2) Evaluation of differentially expressed XMEs in normal and tumor colorectal tissue: The expression of eight selected XMEs (GSTP1, GSTA1, GSTM1, UGT1A10, UGT1A8, CYP2W1, CYP2C9, and CYP3A4) in colorectal carcinomas and adjacent normal mucosa (n=71) was compared and associations of sociodemographic, lifestyle and dietary factors with the expression of these genes were investigated. Differences between XMEs’ gene expression (IlluminaHT-12 Expression BeadChips) in tumor and normal mucosa were tested by the paired Wilcoxon-Rank-sum test. Among the genes analyzed, GSTM1, GSTA1, UGT1A8, UGT1A10, CYP3A4, and CYP2C9 were down-regulated in tumor tissue as compared to normal tissue, while GSTP1 and CYP2W1 were up-regulated. Linear regression models were used to evaluate potential associations between sociodemographic, lifestyle and dietary factors and the relative gene expression in tumor and normal mucosa tissue. Although none of these relationships remained statistically significant after false discovery rate (FDR)-adjustment for multiple testing, a trend toward significance (β=-0.21; pn=0.0005; pFDR=0.05) with lower CYP2C9 expression in normal tissue of rectal compared to colon cancer patients was detected. CYP2C9 plays a key role in the metabolic activation of many environmental and dietary mutagens and interactions of its expression with these factors should be considered in larger studies.

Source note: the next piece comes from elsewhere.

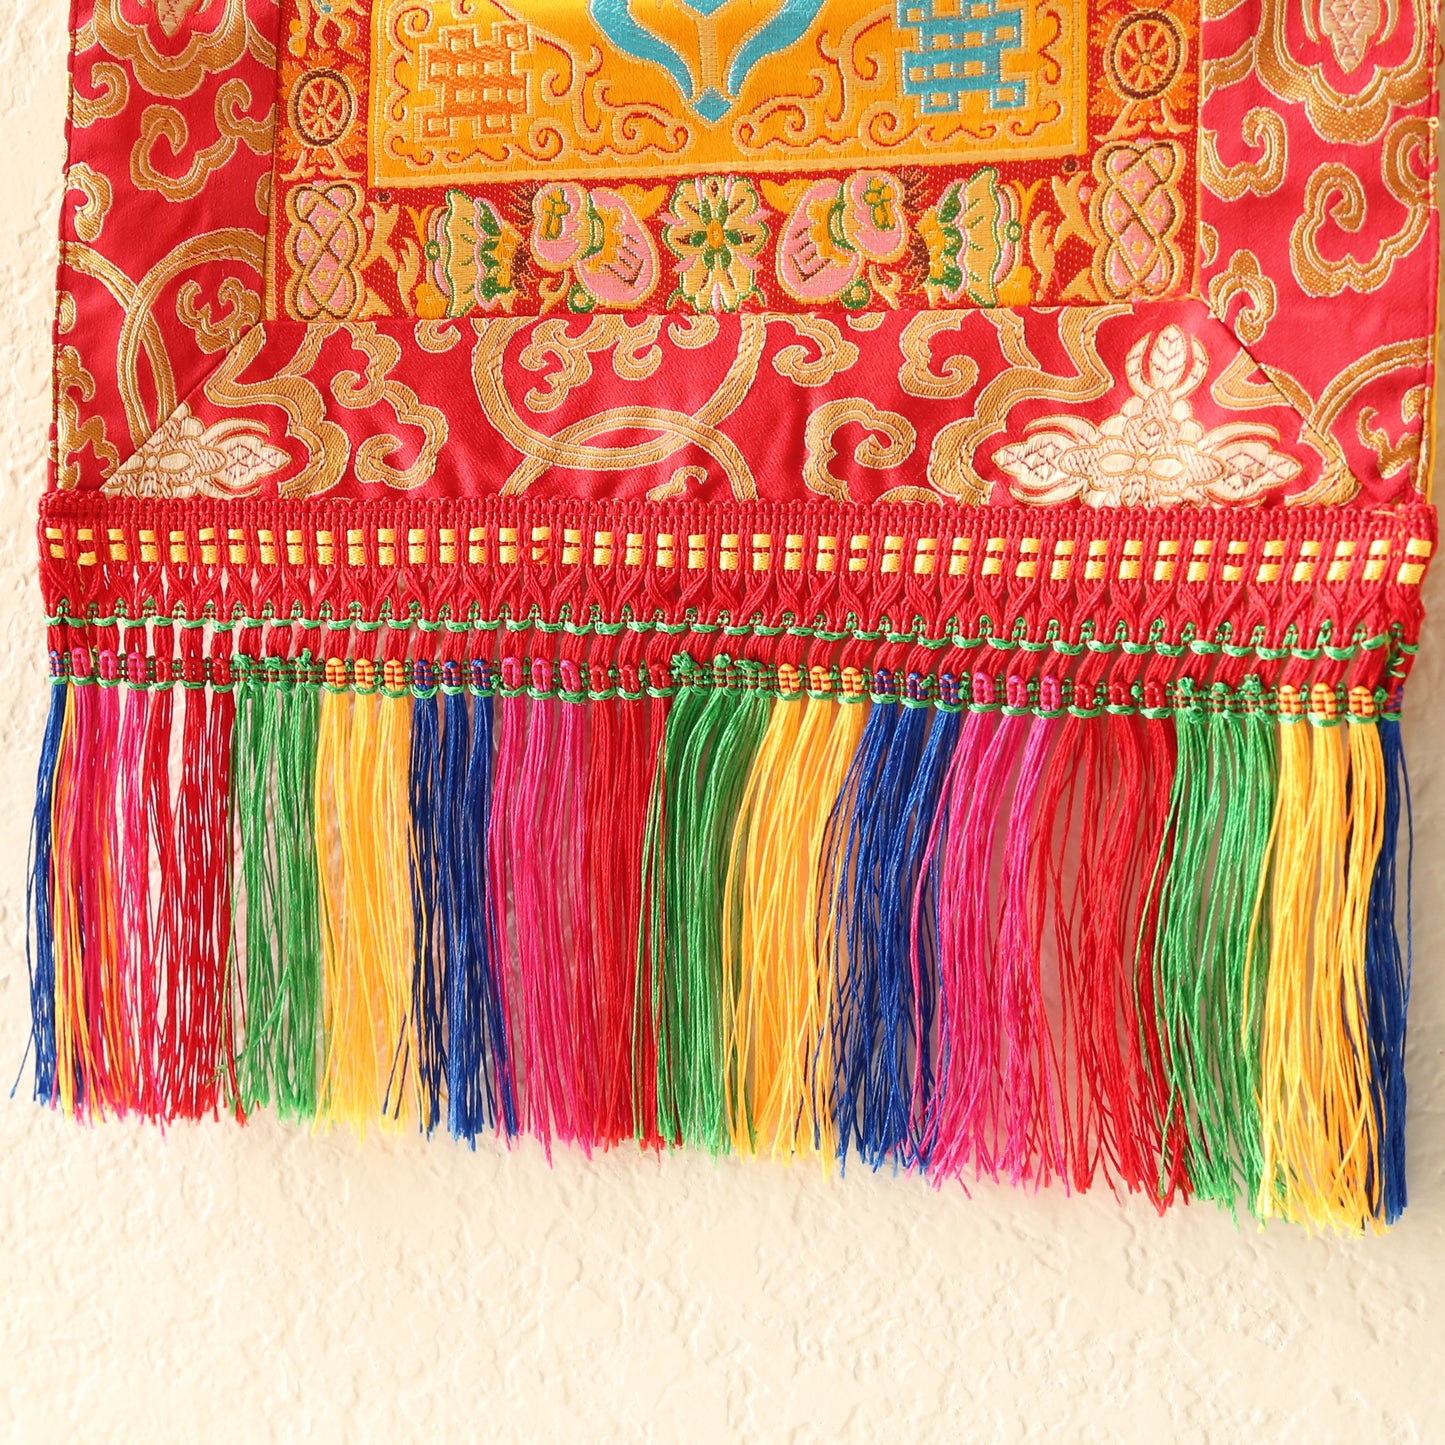 Tibetan Buddhist Cross Vajra Dorje Wall Hanging Tassels Small Tapestry, 18"X12", Asian Chinese Indian Wall Art Home Décor

Overall conclusions: In summary, it can be concluded that in normal tissue of CRC patients: - Correlations between XMEs’ mRNA, protein and enzyme activities are moderate to poor - Colon and rectum showed considerable differences regarding expression and activities of several XMEs - Regular consumption of cooked vegetables was associated with CYP3A4 gene expression and protein levels Taken together, the results of this thesis suggest some interesting differences, which should be considered in larger studies to elucidate its potential contribution to CRC etiology.